Hibbertia fruticosa is a species of flowering plant in the family Dilleniaceae and is endemic to New South Wales. It is a woody shrub with linear to lance-shaped leaves and yellow flowers arranged singly on the ends of short side shoots, with eighteen to thirty-five stamens arranged around three carpels.

==Description==
Hibbertia fruticosa is a woody shrub that typically grows up to 1.2 m high and has a few erect, much-branched stems. The leaves are linear to lance-shaped, 3.8–5.5 mm long and 0.5–0.7 mm wide on a petiole up to 0.6 mm long. The flowers are arranged singly on the ends of short side shoots on a peduncle 2.5–4 mm long. There are linear to elliptic bracts 1.4–1.7 mm long. The outer sepals lobes are 5.2–5.8 mm long and the inner lobes 6.0–6.6 mm long. The five petals are broadly egg-shaped with the narrower end towards the base, yellow and up to 9.1 mm long. There are eighteen to thirty-five stamens arranged around the three hairy carpels, each carpel with four to six ovules.

==Taxonomy==
Hibbertia fruticosa was first formally described in 2013 by Hellmut R. Toelken in the Journal of the Adelaide Botanic Gardens from specimens collected by Ruurd Dirk Hoogland on the Mount Kaputar Road in 1972. The specific epithet (fruticosa) means "woody".

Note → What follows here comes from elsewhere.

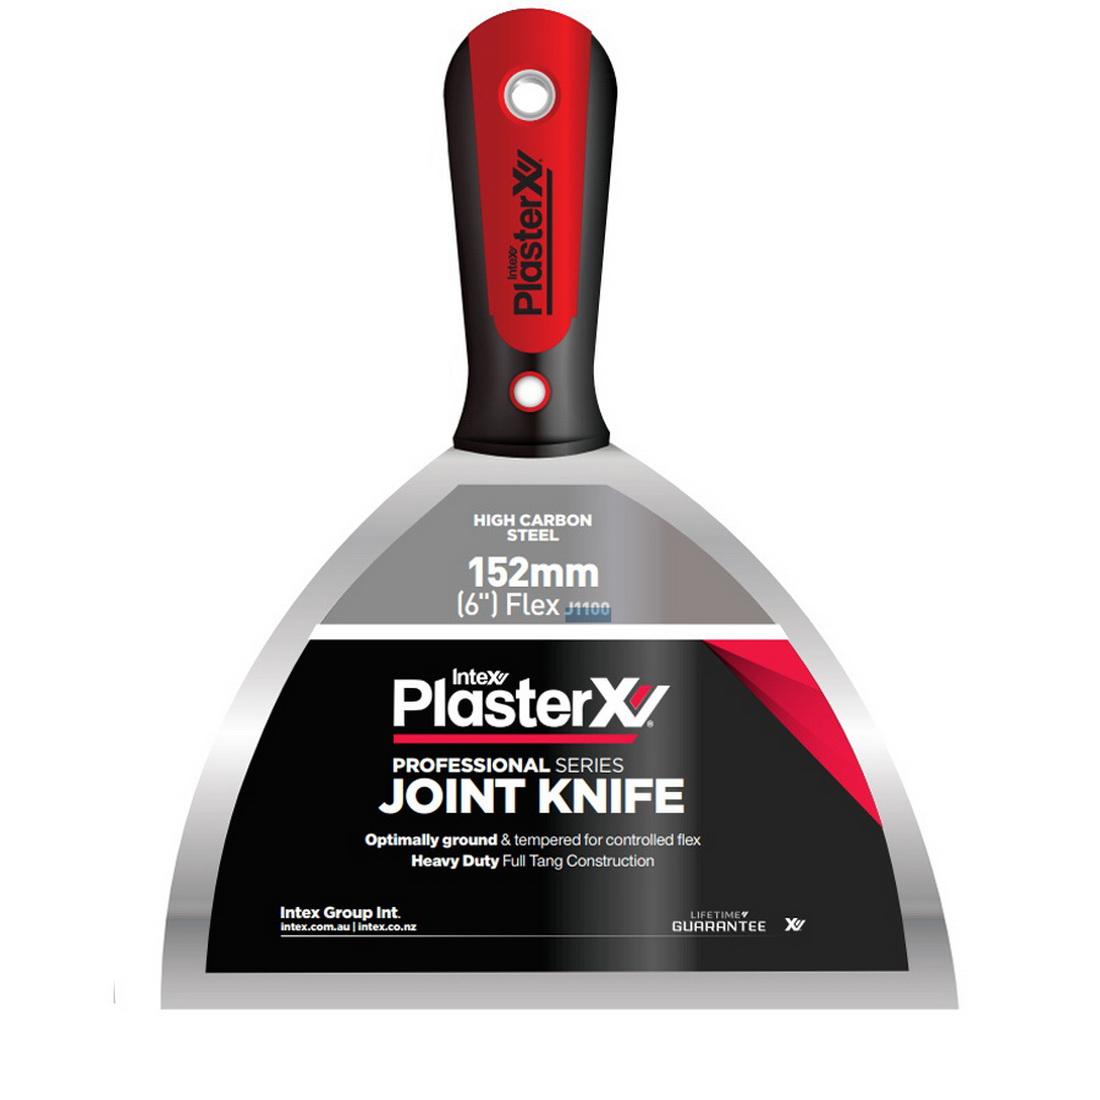 PlasterX MegaGrip Professional 152mm Flexible Joint Knife

In the same journal, Toelken described two subspecies and the names are accepted by the Australian Plant Census:
- Hibbertia fruticosa Toelken subsp. fruticosa has distinctly pointed leaves and flowers in October and November;
- Hibbertia fruticosa subsp. pilligaensis Toelken lacks a distinct point on the end of the leaves and flowers from October to December.

==Distribution and habitat==
This hibbertia grows on rocky slopes in woodland. Subspecies fruticosa occurs in the northern part of the Nandewar Range and subspecies pilligaensis occurs on the North West Slopes of central New South Wales, including in the Pilliga Nature Reserve.